Thanks. I should have known that. Also, I think, a cast of val to unsigned
long long would suffice, would it not?

 

[Harald van =?UTF-8?B?RMSzaw==?=]

Thanks. I should have known that. Also, I think, a cast of val to unsigned
long long would suffice, would it not?

Indeed, that would work just as well here.

 

[cr88192]

Hi,

I have an integer value which is very long like 9987967441778573855.
Now I
want to convert it into equivalent Hex value.

The result must be 8A9C63784361021F

I have used sprintf(pHex,"%0X",9987967441778573855). But it only
returns 8
Hex values.

Kindly note that I am using pure C on Unix.

minor comments:
a number this size should really have 'LL' or 'ULL'.
9987967441778573855ULL (value too large for normal LL).

next up, as others have noted:
you need something like: '%llx'.

however, annoyingly, certain C libraries are broken (and do not support
'll').
in this particular case, you may be better off converting the value to a
string manually.

an example:
static char *hexchars="0123456789ABCDEF";

li=9987967441778573855ULL;
for(i=0; i<16; i++)pHex=hexchars[(li>>((15-i)*4))&0xF];
pHex[16]=0;


or, in a slightly more traditional style:
li=9987967441778573855ULL; i=16; t=pHex;
while(i--)*t++=hexchars[(li>>(i<<2))&0xF];
*t++=0;

(will state up front, ones' conventions are a matter of personal taste...).

or such...

 

[Ahmad Jalil Qarshi]

Hi,

I have an integer value which is very long like 9987967441778573855.
Now I
want to convert it into equivalent Hex value.

The result must be 8A9C63784361021F

I have used sprintf(pHex,"%0X",9987967441778573855).

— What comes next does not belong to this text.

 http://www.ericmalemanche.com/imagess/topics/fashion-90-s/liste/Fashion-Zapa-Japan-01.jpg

But it only
returns 8
Hex values.

Kindly note that I am using pure C on Unix.

minor comments:
a number this size should really have 'LL' or 'ULL'.
9987967441778573855ULL (value too large for normal LL).

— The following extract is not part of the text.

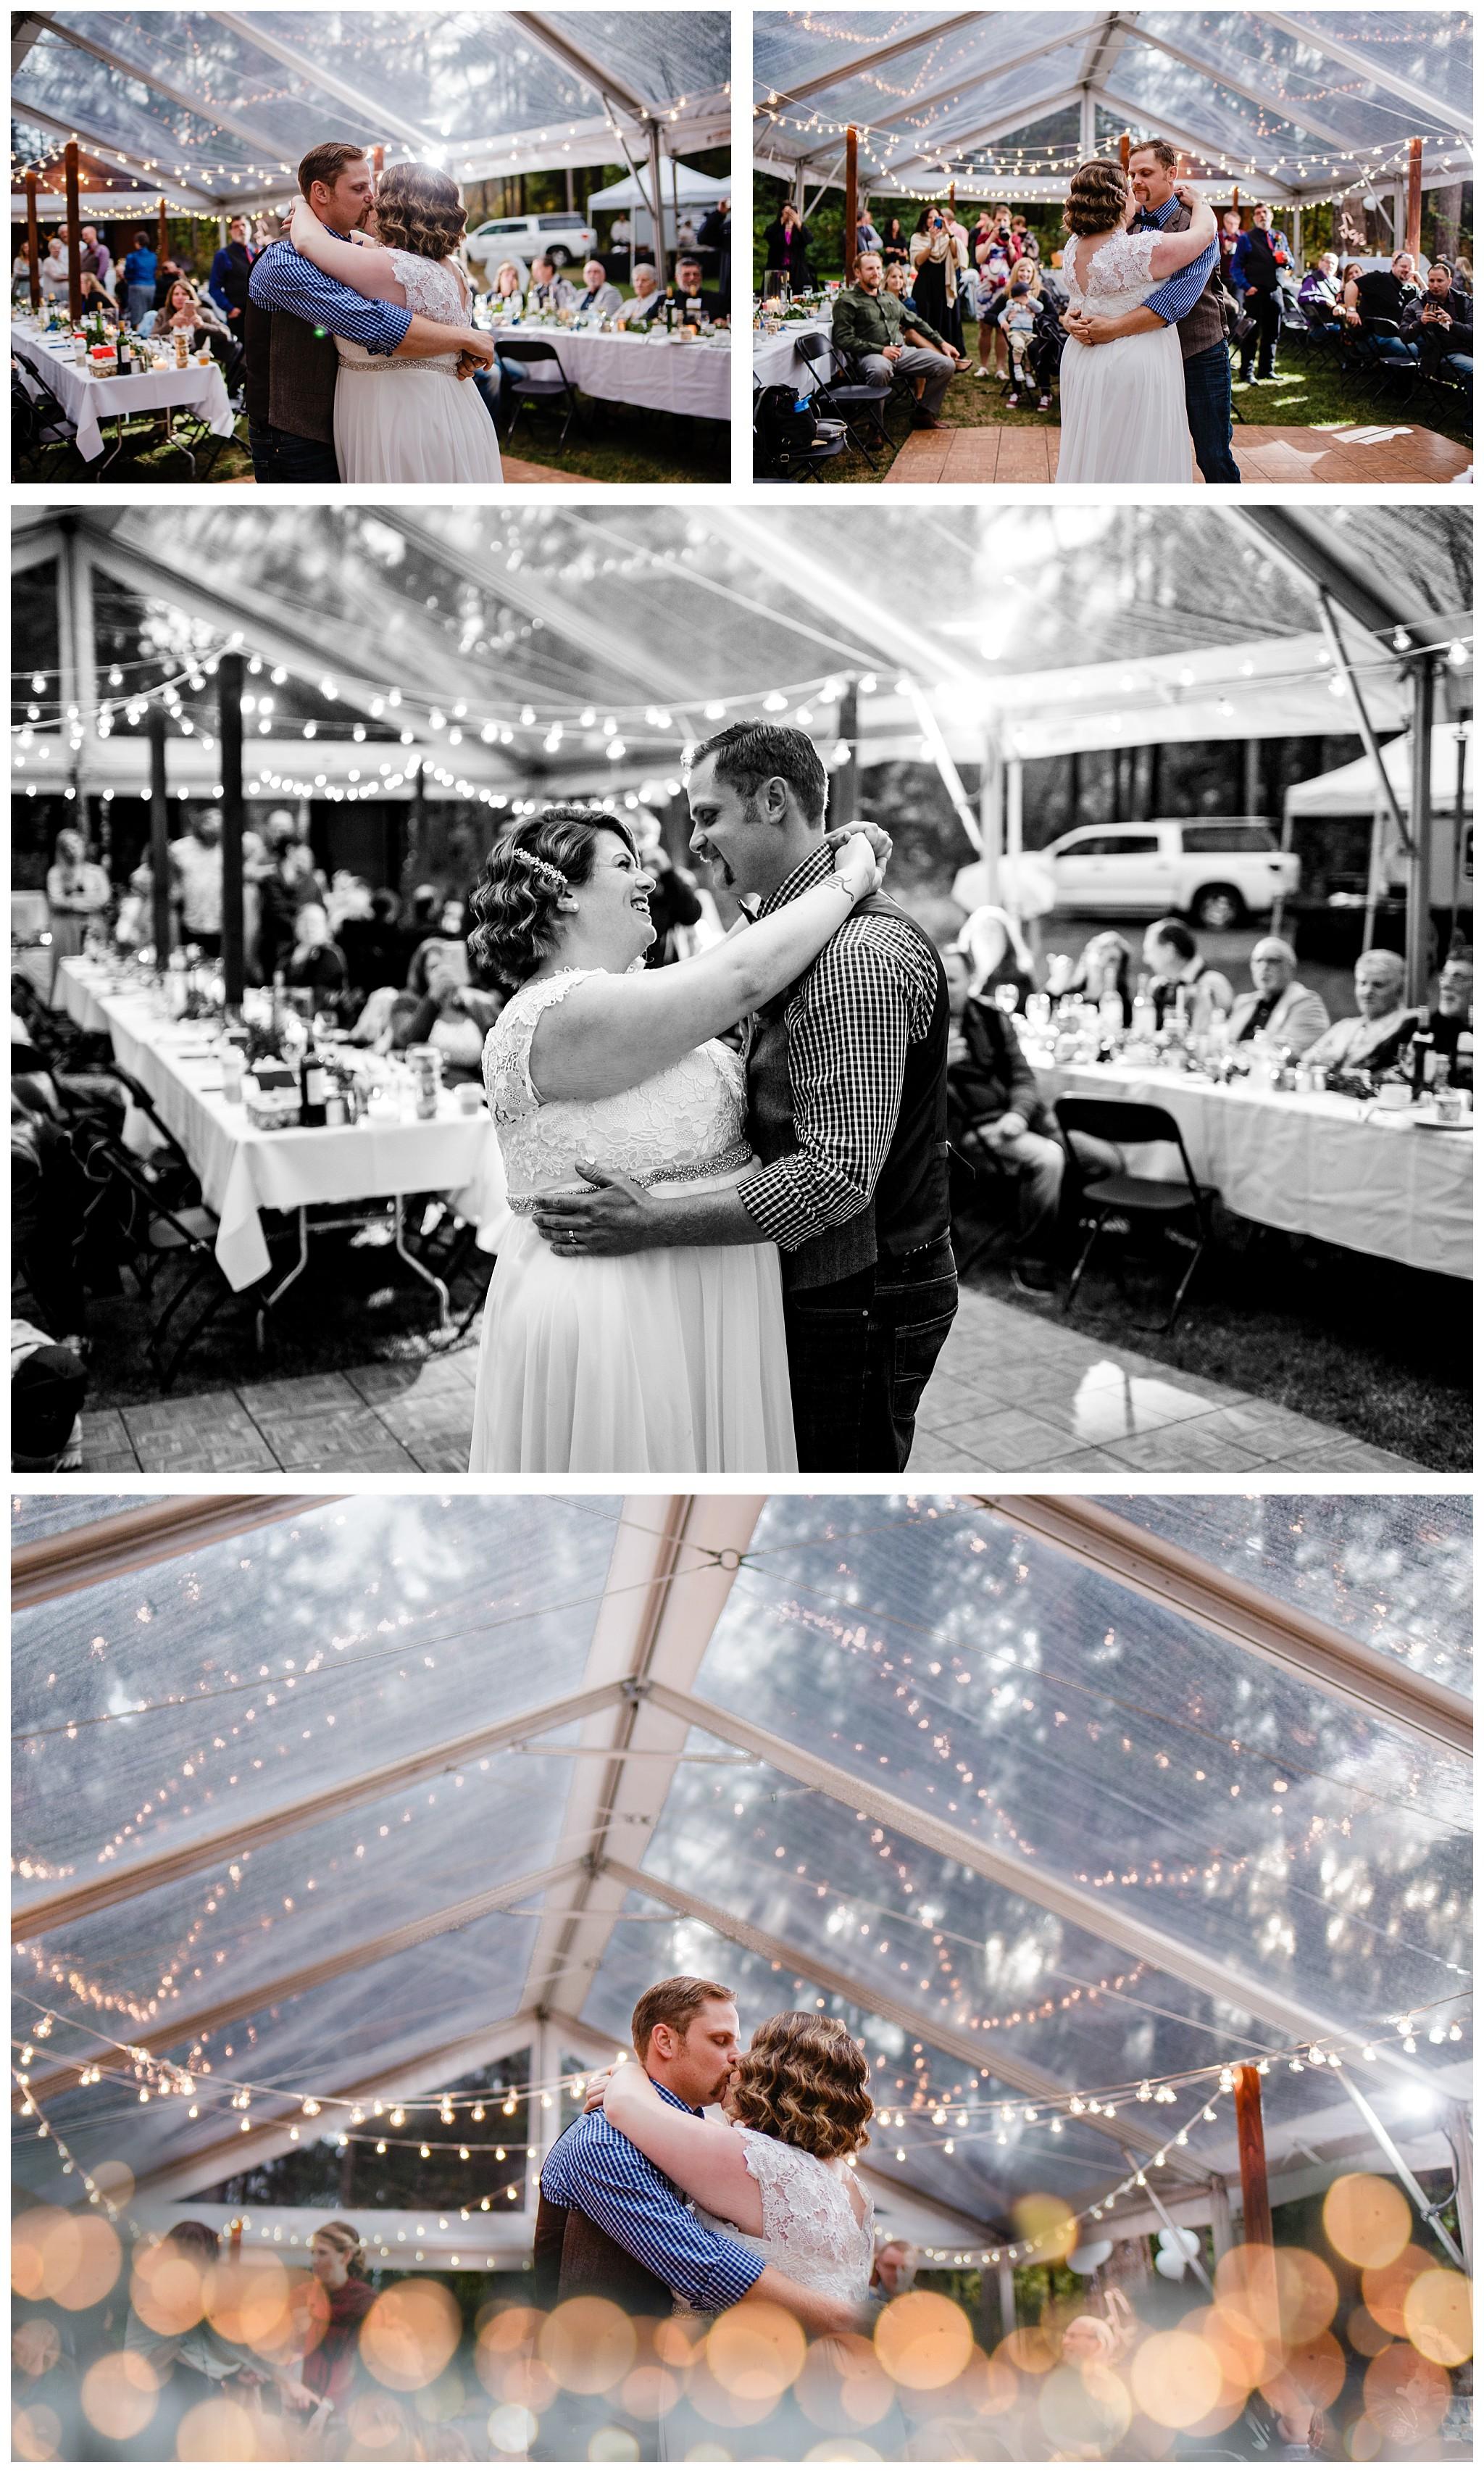 Aldergrove Park Fall Backyard Wedding Photographer Pregnant Bride Tent Outdoor BC Canada Best Wedding Photographer_0051.jpg

next up, as others have noted:
you need something like: '%llx'.

however, annoyingly, certain C libraries are broken (and do not support
'll').
in this particular case, you may be better off converting the value to a
string manually.

an example:
static char *hexchars="0123456789ABCDEF";

li=9987967441778573855ULL;
for(i=0; i<16; i++)pHex=hexchars[(li>>((15-i)*4))&0xF];
pHex[16]=0;

or, in a slightly more traditional style:
li=9987967441778573855ULL; i=16; t=pHex;
while(i--)*t++=hexchars[(li>>(i<<2))&0xF];
*t++=0;

(will state up front, ones' conventions are a matter of personal taste...).

or such...

Thanks in anticipation,

Ahmad Jalil Qarshi

Thanks all for your kind support. I have used the following code and
it worked fine.

unsigned long long val = 998796744563877ll;
printf("Hex is: %llX\n", val);

Thanks again.

Regards,
Ahmad Jalil Qarshi

 

[Walter Roberson]

Thanks all for your kind support. I have used the following code and
it worked fine.

unsigned long long val = 998796744563877ll;
printf("Hex is: %llX\n", val);

That's okay in that range of values, but the original
initializer you posted with had more digits, and using that pattern
could lead to problems with larger numbers. The 'll' modifier
on the literal is for -signed- numbers; if the literal exceeds
the range of -signed- long long then the value you get out
would be unspecified. If you use a 'ull' or 'ULL' modifier on
the literal, the behaviour would be well defined.

 

[Keith Thompson]

Thanks all for your kind support. I have used the following code and
it worked fine.

unsigned long long val = 998796744563877ll;
printf("Hex is: %llX\n", val);

A suggestion: write it as 998796744563877LL. The lowercase letter 'l'
can be very hard to distinguish from the digit '1'.